22 Falando especificamente da deliberação em arenas online, Graham & Witschge (2003) pontua que “the

process requires time, energy, and patience in order for participants to go through this internal and external interactive process of exchanging claims and reasons” (p. 177).

iminência de uma guerra, um grave problema social ou mesmo diante de eleições gerais as pessoas podem alterar seu padrão de participação e atuar ativamente na construção de meios e oportunidades para que os efeitos e resultados sejam favoráveis.

A formação política e os interesses dos participantes seria importante, ainda, por que espera-se que a perspectiva, ou modo de ver o mundo, dos participantes influencie no padrão de argumentação e na disposição para se engajar em deliberações que demandam esforço e paciência. Daí que as diferenças no perfil dos participantes resultam em diferentes padrões de deliberação (JANSSEN, KIES, 2005). Por exemplo, pessoas com uma forte percepção de auto competência tendem a apresentar a própria opinião em arenas formadas por pessoas com quem diverge, enquanto pessoas que não estão seguras da própria capacidade de argumentar e convencer tenderiam a não se expressar. Outra variável que afeta a deliberação online é a formação das arenas deliberativas a partir de gostos, preferências e opiniões prévios, o que pode afetar seriamente a deliberação. Nestas arenas, além de tratar apenas de temas e agendas de uma perspectiva particular, há uma tendência de ignorar ou evitar pessoas que pensam de modo diferente. Com isso, alguns autores (muitas vezes em defesa das mass media) percebem um risco da internet provocar uma extrema fragmentação dos discursos sobre a vida pública, enquanto outros argumentam em defesa dos ganhos de inclusividade da internet e da democratização do controle discursivo (MARQUES, 2008; POLAT, 2005). Haveria o risco do consumo seletivo de informação levar ao reforço do próprio ponto de vista e, com isso, a polarização das posições pode diminuir o conhecimento compartilhado pela comunidade. As pessoas tenderiam a fazer opção por fóruns, plataformas e temas compatíveis com as crenças e preferências pessoais.

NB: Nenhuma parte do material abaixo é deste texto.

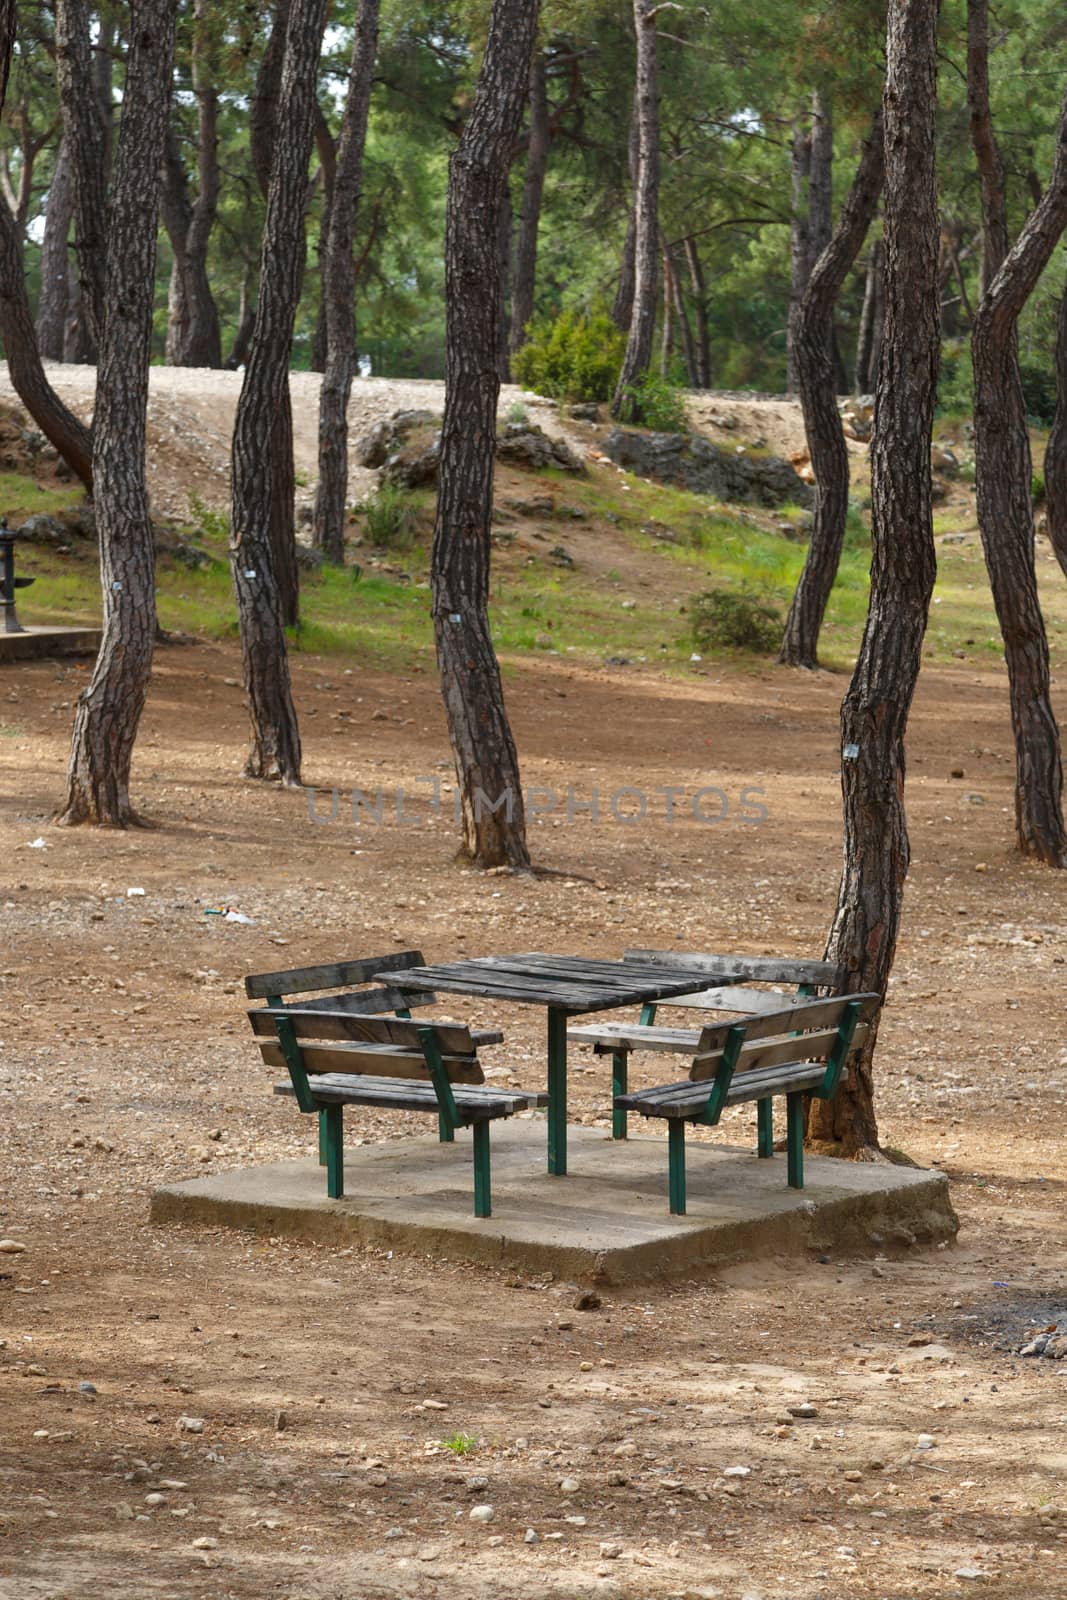 View of natural park with table and benches around big trees.

Contudo, algumas pesquisas apontam que o cenário é mais complexo do que supõe a hipótese da fragmentação. Brundidge 2010, através de uma survey com 781 pessoas, descobriu que as discussões políticas online contribuem para o aumento da heterogeneidade das redes de discussão política quando se compara com as discussões

face-to-face, bem como o consumo de notícias online contribuem para o aumento da

pluralidade, quando se compara com o consumo em mídias tradicionais. O autor sustenta, então, que tanto as discussões quando o consumo de notícias online contribuem para o aumento da pluralidade das opiniões as quais as pessoas estão expostas. Assim como no ambiente off-line as pessoas tendem a se relacionar e a consumir conteúdos que

corroboram com a própria opinião, mas comparativamente a heterogeneidade na internet é maior. O autor explica que as discussões e o consumo de notícias têm um pequeno incremento na heterogeneidade das redes de discussão política online por conta de fenômeno que nomeia como “inadvertency”. Isto é, eventualmente, mas com maior frequência do que em situações off-line, as pessoas seriam expostas a pontos de vista com os quais discorda, sem aviso nem consentimento prévio. Na prática, este argumento faz sentido quando se considera os e-mails não solicitados com conteúdos políticos, os conteúdos a que se expõe nos sites de redes sociais, entre outras situações. Contudo, a tese da fragmentação poderia ainda ter alguma validade se as pessoas consumissem apenas internet, quando é mais comum que se tenha uma dieta de consumo de mídia bastante diversificada, incluído mesmo que eventualmente conteúdo das grandes empresas de mídia, mesmo que o consumo se dê através da internet. Além de que não é possível que uma pessoa consiga, mesmo que queira, se expor apenas aos conteúdos e opiniões pelos quais se interesse ou que endossa politicamente. Nos ambientes sociais online a diversidade de opiniões é praticamente inevitável, por mais que sejam possíveis várias ações de controle e edição, por exemplo, das relações que se estabelece nos sites de redes sociais e dos e-mails que recebe.